Linear model: \(Y_{ij} = \mu + \gamma_j + \tau_i + \beta \left(x_{ij} - \overline{x}_{..} \right) + \epsilon_{ij}\)
The analysis strategy for ANCOVA in RCBD is similar to that of ANCOVA in CRD.
Just insert the block effect term in the code in R
A varietal trial was conducted with 8 varieties (\(V_1, V_2, \cdots, V_8\)) of hybrid maize. The trial was laid put in a randomized block design with 4 replications. At the time of harvest the number of plants per plot of size 48ftx12ft was also recorded along with the plot yield. The data of grain yield (Y) in lbs per plot and the number of plants (X) are contained in Ancova_rbd.csv.
#Load the data
ancov3 <- read.csv("Ancova_rbd.csv")
ancov3$Block <- factor(ancov3$Rep)
#Fit a model without intercept
mod3.1 <- lm(Y ~ -1 + Block + Variety + Variety:X,
data=ancov3)
#Generate Type III sums of squares using Anova() function in car package
Anova(mod3.1, type=3)
## Anova Table (Type III tests)
##
## Response: Y
## Sum Sq Df F value Pr(>F)
## Block 2383.62 4 2.7826 0.07175 .
## Variety 501.69 7 0.3347 0.92388
## Variety:X 1674.85 8 0.9776 0.49348
## Residuals 2783.98 13
## ---
## Signif. codes: 0 '***' 0.001 '**' 0.01 '*' 0.05 '.' 0.1 ' ' 1
mod3.2 <- lm(Y ~ Block + Variety + X,
data=ancov3)
Anova(mod3.2, type=3)
## Anova Table (Type III tests)
##
## Response: Y
## Sum Sq Df F value Pr(>F)
## (Intercept) 1.8 1 0.0107 0.918807
## Block 2314.9 3 4.6088 0.013120 *
## Variety 4890.6 7 4.1729 0.005536 **
## X 1110.3 1 6.6313 0.018072 *
## Residuals 3348.6 20
## ---
## Signif. codes: 0 '***' 0.001 '**' 0.01 '*' 0.05 '.' 0.1 ' ' 1
INTERPRETATION:
Since the covariate X in mod3.2 is significant, then X is important and we must proceed to the next test.
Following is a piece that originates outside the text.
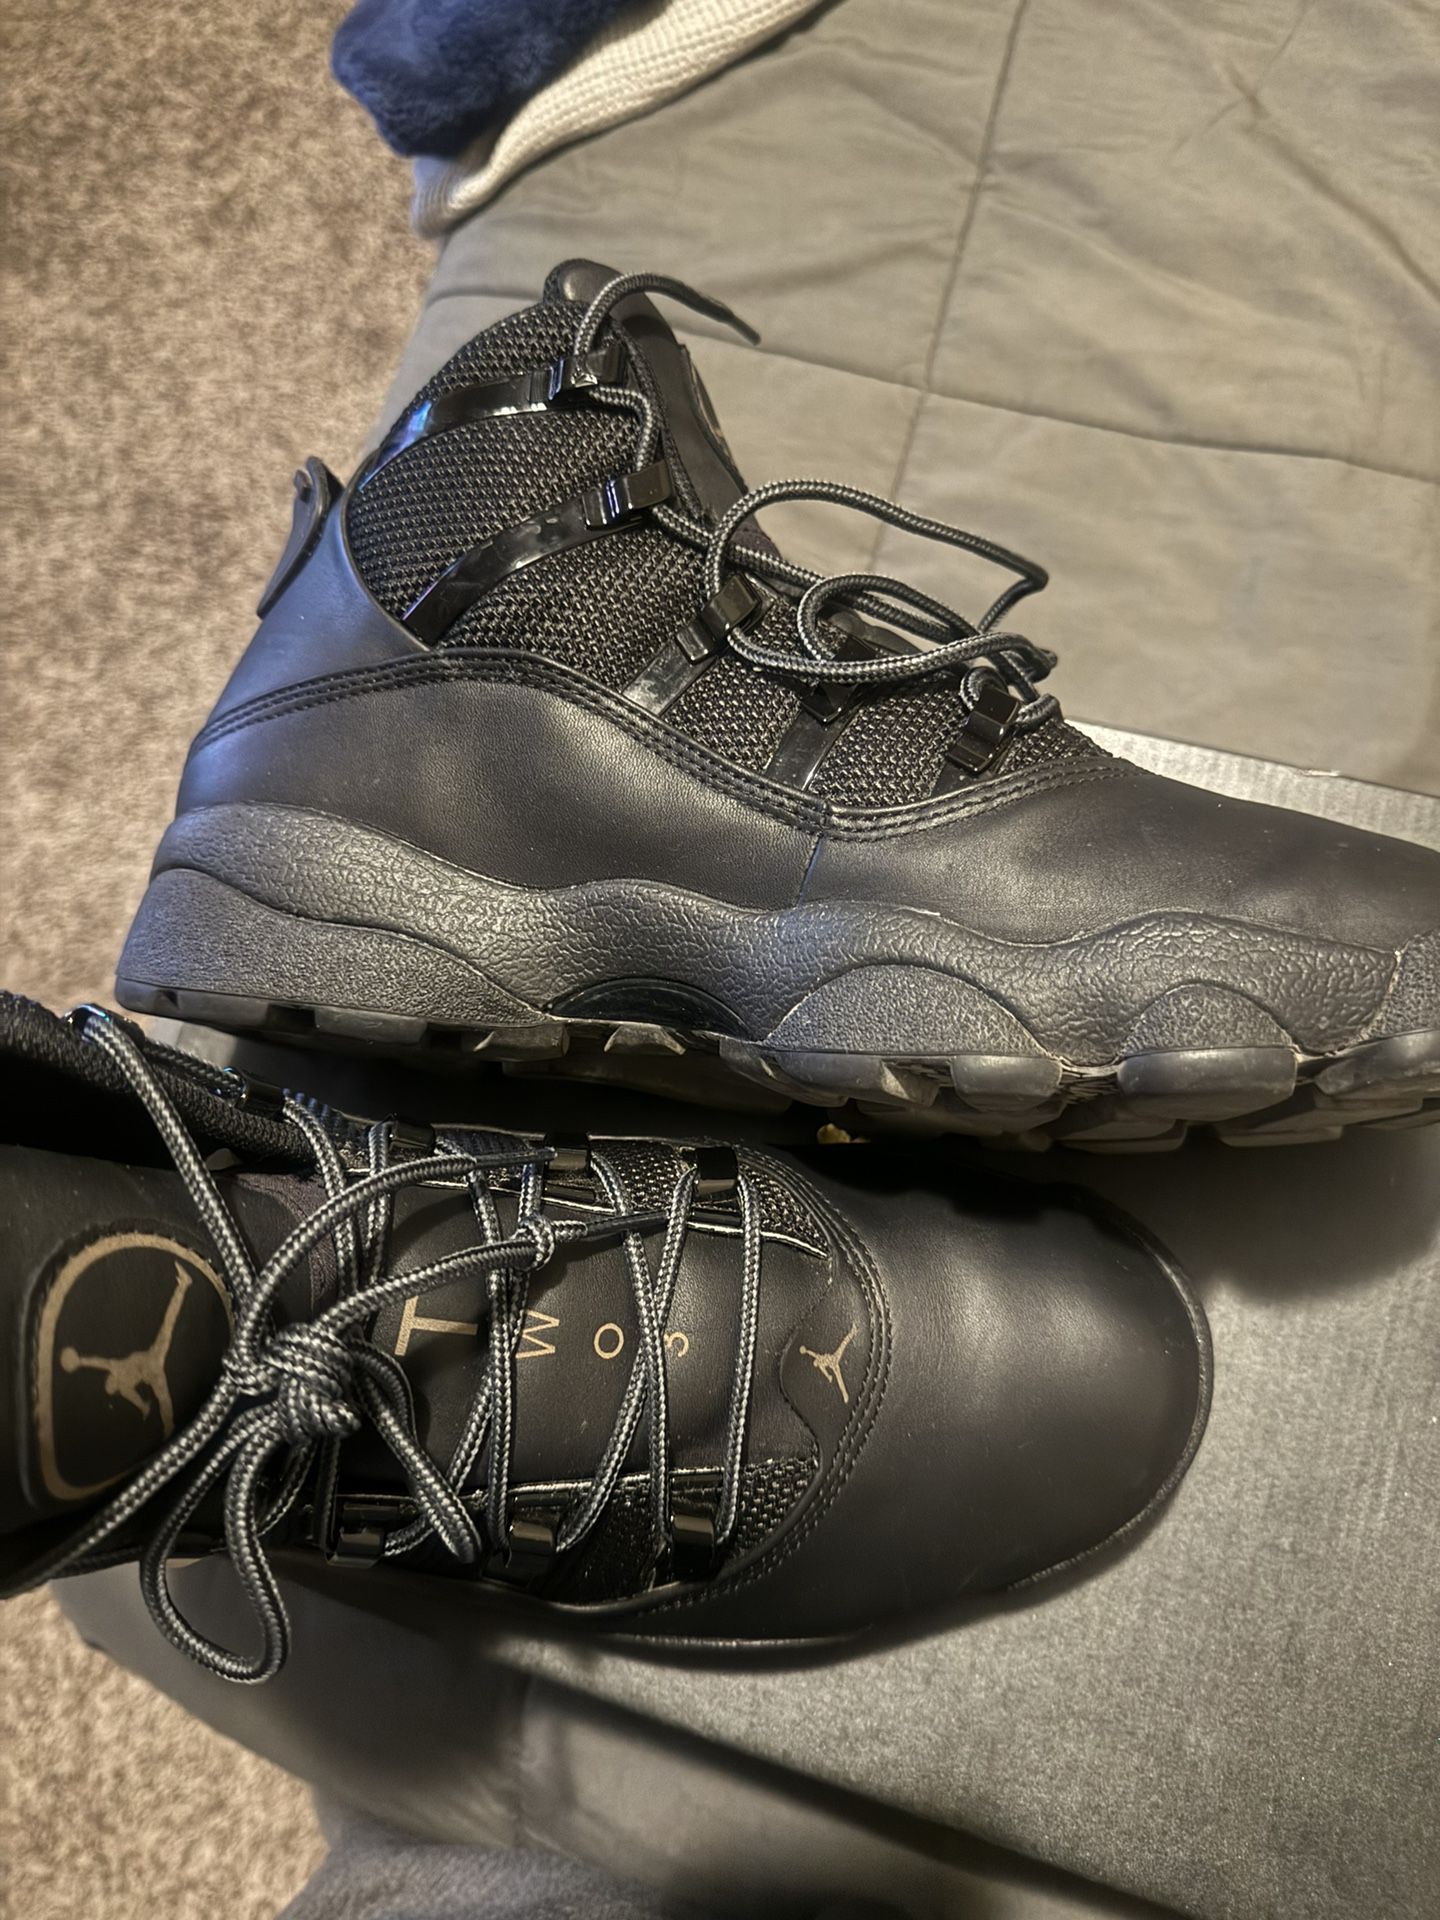 Jordan Winterized 6 Rings "Black/Rustic" Men's Boot

mod3.3 <- lm(Y ~ Block + Variety + X +Variety:X,
data=ancov3)
Anova(mod3.3, type=3)
## Anova Table (Type III tests)
##
## Response: Y
## Sum Sq Df F value Pr(>F)
## (Intercept) 18.72 1 0.0874 0.77214
## Block 2294.53 3 3.5715 0.04417 *
## Variety 501.69 7 0.3347 0.92388
## X 571.10 1 2.6668 0.12644
## Variety:X 564.59 7 0.3766 0.90006
## Residuals 2783.98 13
## ---
## Signif. codes: 0 '***' 0.001 '**' 0.01 '*' 0.05 '.' 0.1 ' ' 1
INTERPRETATION:
Since the covariate the term Variety:X is not significant, the homogeneous slopes assumption is met and we can proceed to ANCOVA.
mod3.4 <- lm(Y ~ Variety + Block + X,
data = ancov3)
Anova(mod3.4, type=3)
## Anova Table (Type III tests)
##
## Response: Y
## Sum Sq Df F value Pr(>F)
## (Intercept) 1.8 1 0.0107 0.918807
## Variety 4890.6 7 4.1729 0.005536 **
## Block 2314.9 3 4.6088 0.013120 *
## X 1110.3 1 6.6313 0.018072 *
## Residuals 3348.6 20
## ---
## Signif. codes: 0 '***' 0.001 '**' 0.01 '*' 0.05 '.' 0.1 ' ' 1
INTERPRETATION:
There is significant differences in the mean yield per plot after adjusting for the blocks and the number of plants per plot.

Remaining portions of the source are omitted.